As soon as they release a stable version for Apache 2 (aka 4.3.0), then I'll look seriously at switching. It's great that Apache 2 has stablized now, though, as it lets everyone else work around a stable project.
We'll all get to Apache 2, it just takes time to migrate.
My main question is, what would it matter if sites weren't using apache 2.0, isn't it enough that open source software is being used??
Ignore the "p2p is theft" trolls, they're just uninformed
PHP, mod_perl, any of the Java servlet modules. These are are third-party (basically the server doesn't ship with them even if they are other ASF projects). Anyone running anything other then a flat HTML site needs at least one of these or something similar.
You can't grep a dead tree.
Here's what would convince me to change.
... its always nice to know that the big boys have taken the plunge.
.. given that I bothered reading up on some of the early discussions.
-- References. Have any high profile apache sites migrated? While my sites are small
-- PHP Support. As of 4.2.0, Apache2 support was experimental. The change log does not show anything which says its supported.
-- Mod_gzip support. This is a big one. Mod_Gzip makes my sites download a extremely fast when users over dialup lines log in. This is true specially for low bandwidth countries in Asia. Mod_gzip support has left me fairly confused
Even with all of this.. I'm not likely to change unless there is a perceptible difference in the load / performance stats on my system during the switch.
I know Apache does not have any "customers" to support, but why were they so eager to break compatibility for Apache 1.3 modules in Apache 2.0? I know backwards compatibility code isn't sexy, but couldn't they keep the old module API and thunk it to the new API? Then Apache 2.0 could ship with rock-solid mod_php and mod_perl. Let modules developers migrate slowly on their own schedule.
Here's an interesting perspective from Ole Eichorn, the CTO of Aperio Technologies:
One of the more significant recent discontinuities occurred with the release of Apache 2.0. Although it has been under-reported, Apache 2.0 is significantly discontinuous (non-backward-compatible) with Apache 1.3. Many webmasters have decided not to upgrade for now, rather than have to recode their custom modules. And many of the custom modules out there are 3rd party, so the resources to make the changes are not readily available.

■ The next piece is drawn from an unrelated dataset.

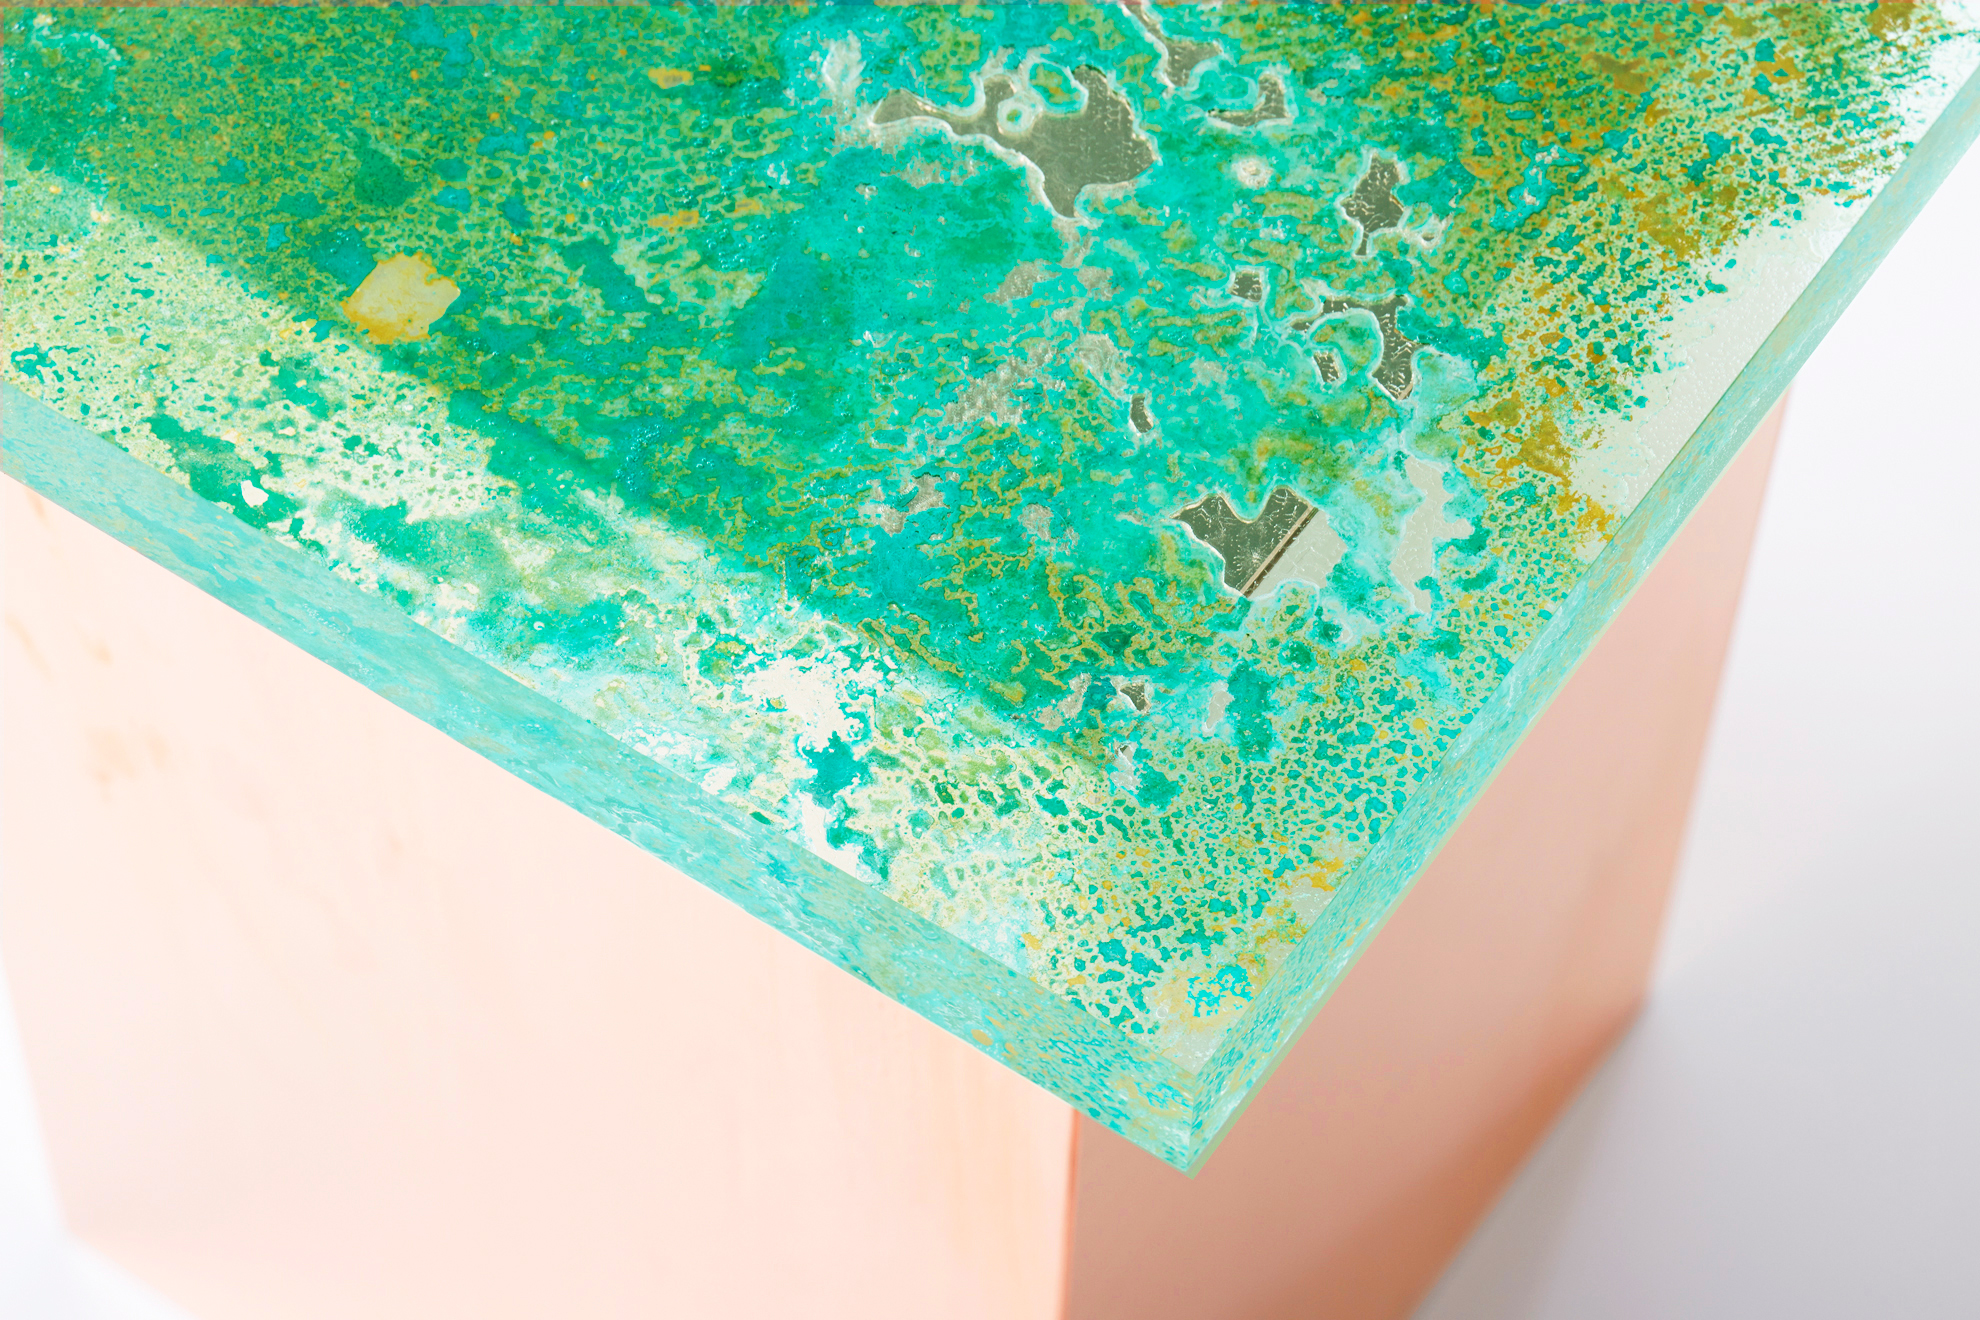 banco resultado de usar de plancha de cobre verdosa

It is not clear to me why the discontinuity was required. There was no technical reason not to maintain backward compatibility. I think your essay gets it right, the people who made these decisions were not involved in the original development, and were not sufficiently aware of the impact their decisions would have on their developer community. Multi-threading processes, which inspired most of the discontinuity, primarily benefits Windows sites - a small proportion of Apache installations - and most Windows sites use IIS and aren't going to change.
I bet in a few years we'll be able to track Apache's decline as the leading web server back to this point.
cpeterso
The build system in Apache 2, while being vastly improved over the Apache 1 build system, is rather complicated, and has lead to a number of packagers simply not bothering, or having a hell of a time packaging it.
There is no RedHat or Debian packages of Apache 2.0 (offical as in from RedHat or Debian, and part of their stable distribution). There are a few Debian people who are packaging Apache 2.0 (namely Thom May, who is the current package bunny...err...maintainer *grin*), but last I heard they were having a horrible time getting it working, and it's still only in unstable (sid), and hasn't made it to testing (sarge).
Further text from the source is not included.